Additional Defendants argue that pleading merely that Additional Defendants are "trades or businesses" is conclusory and insufficient to sustain a claim against Additional Defendants. However, "specific facts are not necessary; the statement need only give the defendant fair notice of what the... claim is and the grounds upon which it rests." Erickson v. Pardus, 551 U.S. 89, 93 (2007). Further, the specificity of factual allegations required to state a plausible claim for relief depends on the complexity of the legal theory alleged. Limestone Dev. Corp. v. Vill. of Lemont, 520 F.3d 797, 803 (7th Cir. 2008). The legal theory underlying a claim that an enterprise is a "trade or business" under the Groetzinger test is straightforward, and allegations of the individual factual elements of the test would not substantially improve the fair notice of the legal and factual bases of the claim already provided to the defendants. If the Fund is unable to produce facts that will satisify the requirements of the Groetzinger test, the claims against Additional Defendants may be appropriately disposed of in a motion for summary judgment.

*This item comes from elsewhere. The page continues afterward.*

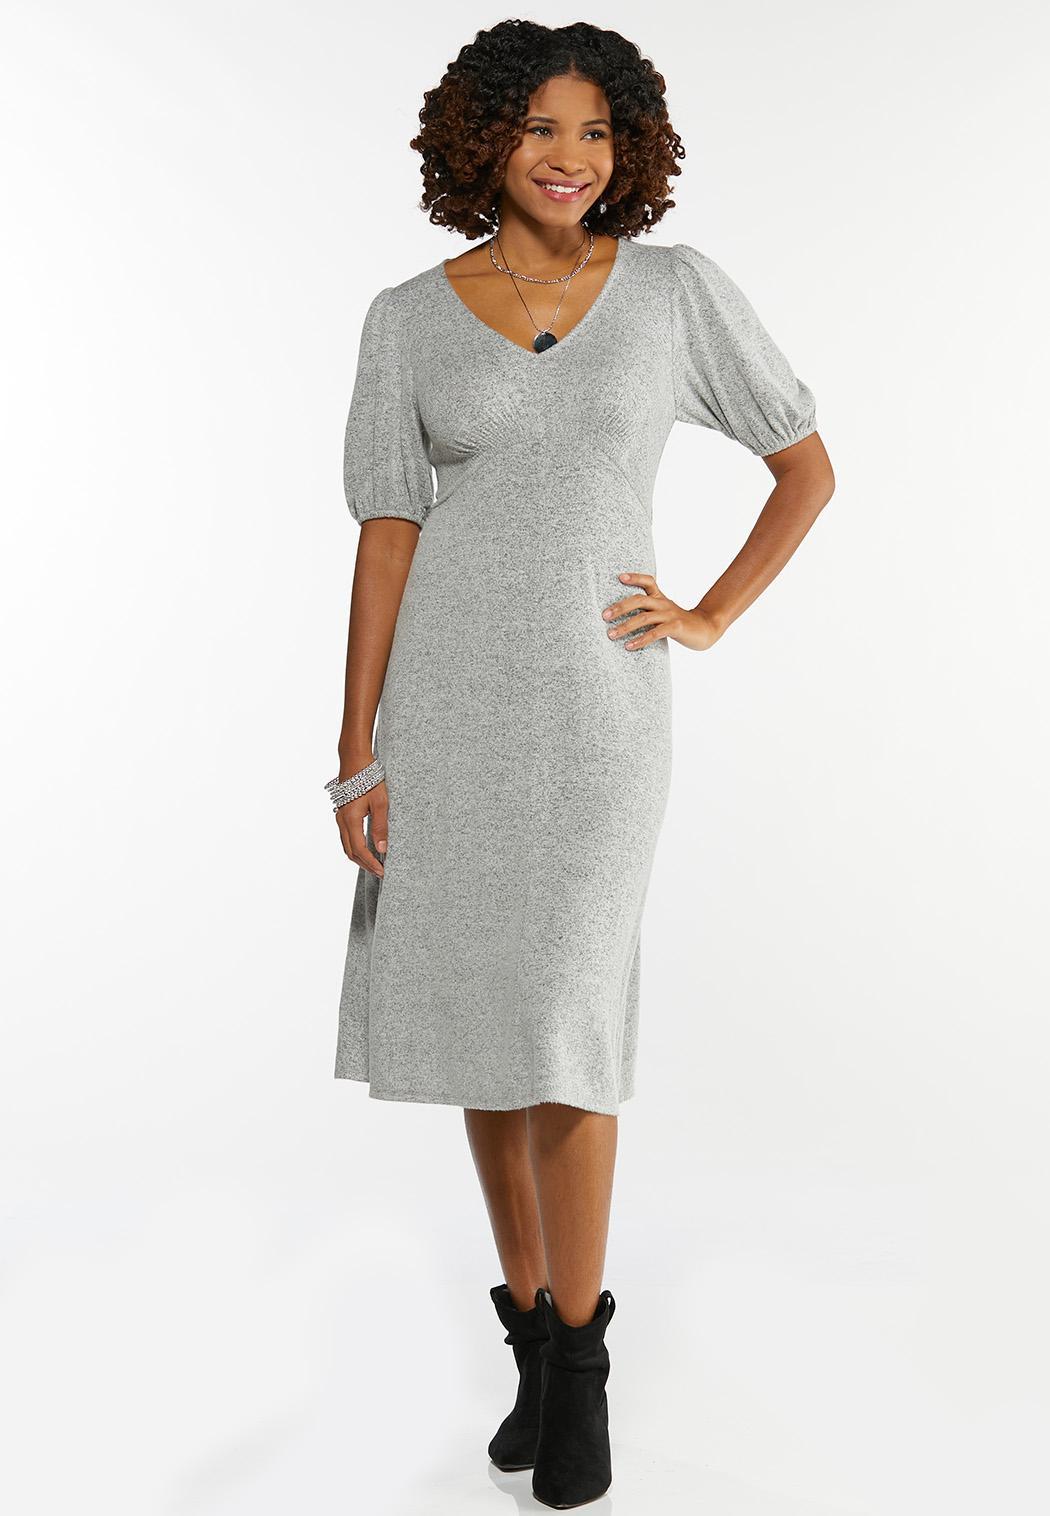 Gray Balloon Sleeve Dress

IV. NOTICES AS TO AFFILIATES
The Northern District of Illinois' Local Rule 3.2 requires that "Any nongovernmental party, other than an individual or sole proprietorship, shall file a statement identifying all its publicly held affiliates." L.R. 3.2 (N.D. Ill.) This notice of affiliates must be filed "with the complaint or answer, or upon filing a motion, response, or petition, whichever occurs first." Id. "Affiliates" is defined, for the purposes of the rule, as "any member" when the party is a "general partnership, joint venture, LLC, LLLP, or LLP." Id.
All parties in this case have failed to file a notice of affiliates with this court. The Fund ought to have filed such a notice with its complaint. Joyce Ford ought to have filed such a notice with its answer. The Additional Defendants ought to have filed such a notice with their joint motion to dismiss.
Because the allegations in the complaint are sufficient to state a claim of common control withdrawal liability against Additional Defendants, the motion to dismiss the complaint as to Additional Defendants is denied. All of the parties are also hereby ordered to file proper notices of affiliates with this court pursuant to Local Rule 3.2 within fourteen days of this order.